A python toolkit for excitation-emission matrix (EEM) analysis
Project description
eempy
Author: Yongmin Hu (yongminhu@outlook.com)
Last update: 2026-01
This package provides tools for Excitation-Emission Matrix (EEM) fluorescence analysis, including data I/O, preprocessing, decomposition (PARAFAC/NMF with optional solvers/regularizations), and validation workflows.

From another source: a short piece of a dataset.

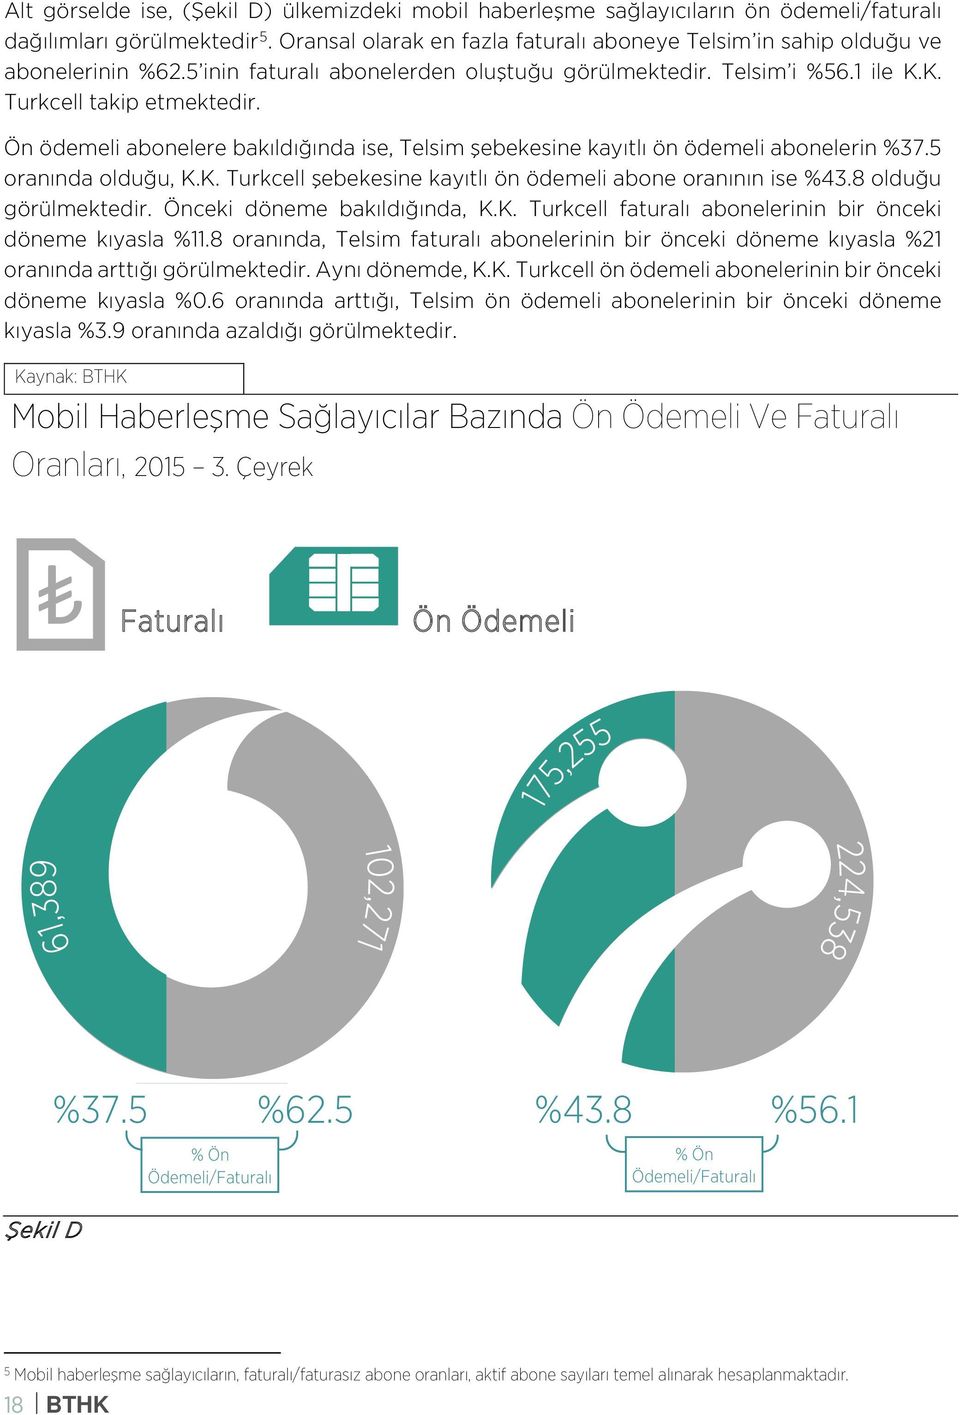 Ön ödemeli abonelere bakıldığında ise, Telsim şebekesine kayıtlı ön ödemeli abonelerin %37.5 oranında olduğu, K.K. Turkcell şebekesine kayıtlı ön ödemeli abone oranının ise %43.8 olduğu görülmektedir.

Before jumping into coding
If you wish to do the analysis with an app without coding yourself, you are welcomed to try eempy-vis (https://github.com/YongminHu/eempy-vis). It provides prompt visualization, preprocessing and various EEM interpretation options with a clean UI.
Get Started
(English documentation: https://yongminhu.github.io/eempy/)
Installation
pip install eem-python
Read EEMs and absorbance from text files (.csv, .dat, .txt, etc.)
from pathlib import Path
from eempy.read_data import read_eem_dataset, read_abs_dataset
# ---------Read EEMs and absorbance from text files (.csv, .dat, .txt, etc.)-----------
data_dir = Path("tests") / "sample_data" # path to data folder
eem_stack, ex_range, em_range, indexes = read_eem_dataset(
str(data_dir),
# mandatory_keywords: all filenames must include these substrings
# optional_keywords: filenames must include at least one of these substrings
# For example, with:
# - mandatory_keywords=["PEM"]
# - optional_keywords=["2021-02-02", "2021-02-01"]
# only files whose filenames meet the following criteria are included:
# - filename must contain "PEM"
# - filename must also contain either "2021-02-01" or "2021-02-02"
mandatory_keywords=["PEM"],
optional_keywords=["2021-02-01", "2021-02-02"],
# file_first_row: "ex" means the first row lists excitation wavelengths in the text files.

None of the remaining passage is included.